[EVAL] Add TUMLU benchmark
Hello! We just released the benchmark for Turkic languages. Does it make sense if I add it to lighteval?
Evaluation short description
-
Why is this evaluation interesting? First native-language MMLU benchmark for low-resource Turkic languages.
-
How is it used in the community? Just released, MC high-school exam questions
Evaluation metadata
Provide all available
- Paper url: https://arxiv.org/abs/2502.11020
- Github url: https://github.com/ceferisbarov/TUMLU
- Dataset url:
cc @hynky1999 could interest you I feel!
Is the dataset already on Hugging Face?
@clefourrier Not really (in gated repos), but everything is in github already.

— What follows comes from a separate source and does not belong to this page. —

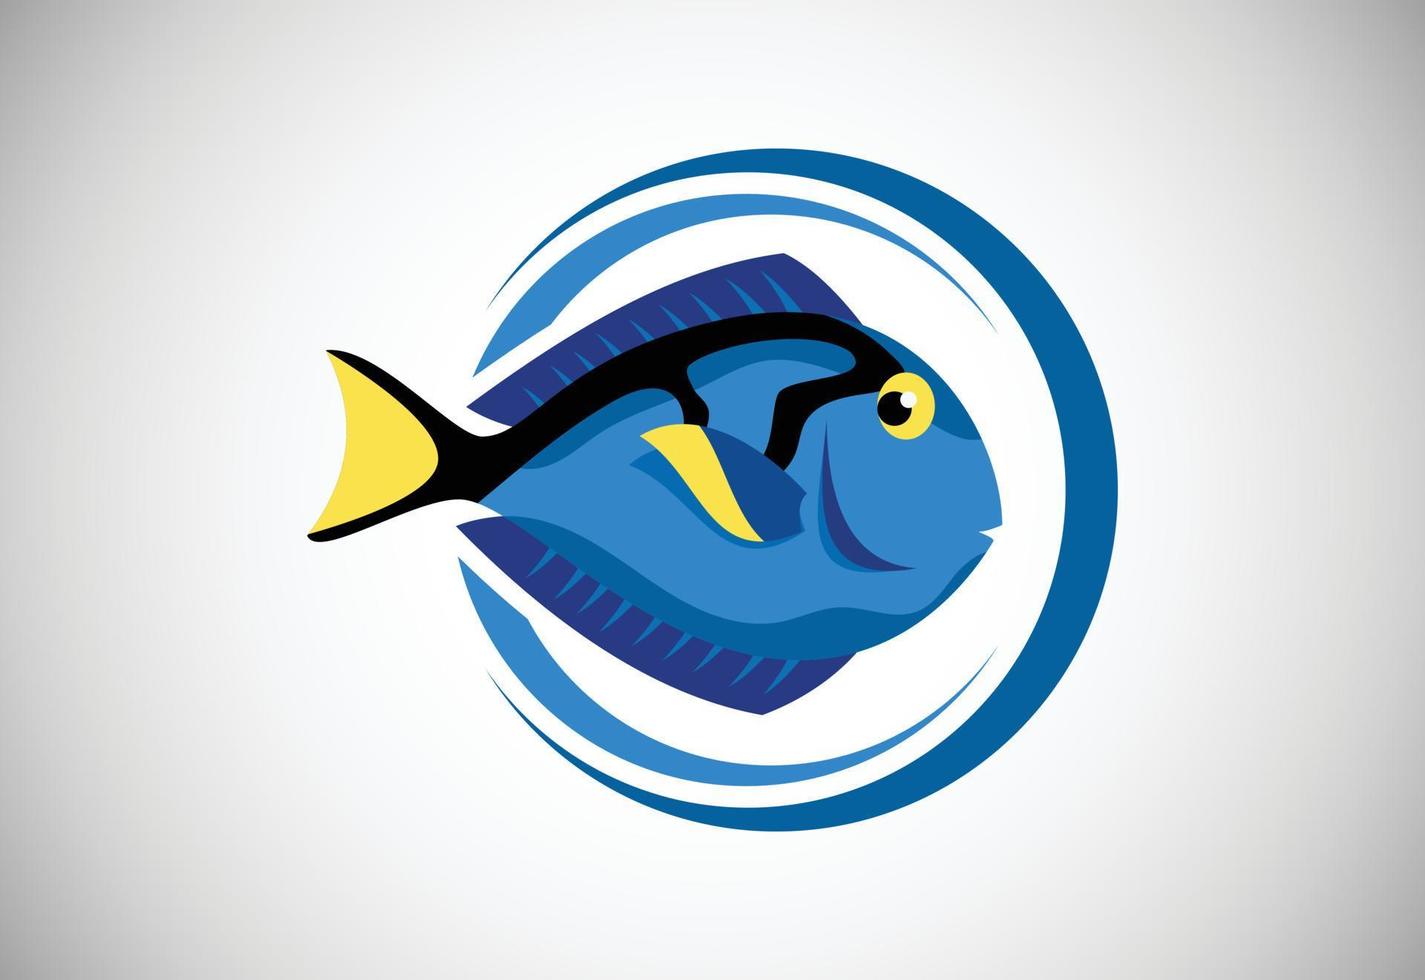 Blue Tang in a circle. Fish logo design template. Seafood restaurant shop Logotype concept icon. vector

Gated sounds fine, can you share the path?
Hi, I think it would be very nice addition, we already have TurkishMMLU (which I think is is also part of your dataset right ?)
- See https://github.com/huggingface/lighteval/blob/main/src/lighteval/tasks/multilingual/tasks.py#L2133
To add it we would need following:
- Have translation literals for the languages you want to add: (https://github.com/huggingface/lighteval/blob/main/src/lighteval/tasks/multilingual/tasks.py#L2133)
- Add the dataset to hub
- Replace the TurkishMMLU with your dataset
Do you think you could do that? cc @gaydmi
@gaydmi Thank you for bringing this up!
@hynky1999 I have a question. Our dataset can be split into subsets in three ways: (a) make each language a subset, (b) make each subject a subset, (c) make each language-subject combination a subset. Which one would you suggest? I could not find any similar examples in the repo.
@hynky1999 Hi, yes, working on it! @ceferisbarov I personally think option (c) is the best, so we could just add new languages with their tasks. Like in here: https://github.com/huggingface/lighteval/blob/main/src/lighteval/tasks/multilingual/tasks.py#L2617
I would say ideally use subset for languages and then add column to identify the actuall task subset. You can then use hf_filter arg on task
Both options sound good to me. I have added the dataset to Hugging Face:
https://huggingface.co/datasets/jafarisbarov/TUMLU-mini
@gaydmi let me know if I can help in any other way.
Awesome, cc @gaydmi happy to review the PR once ready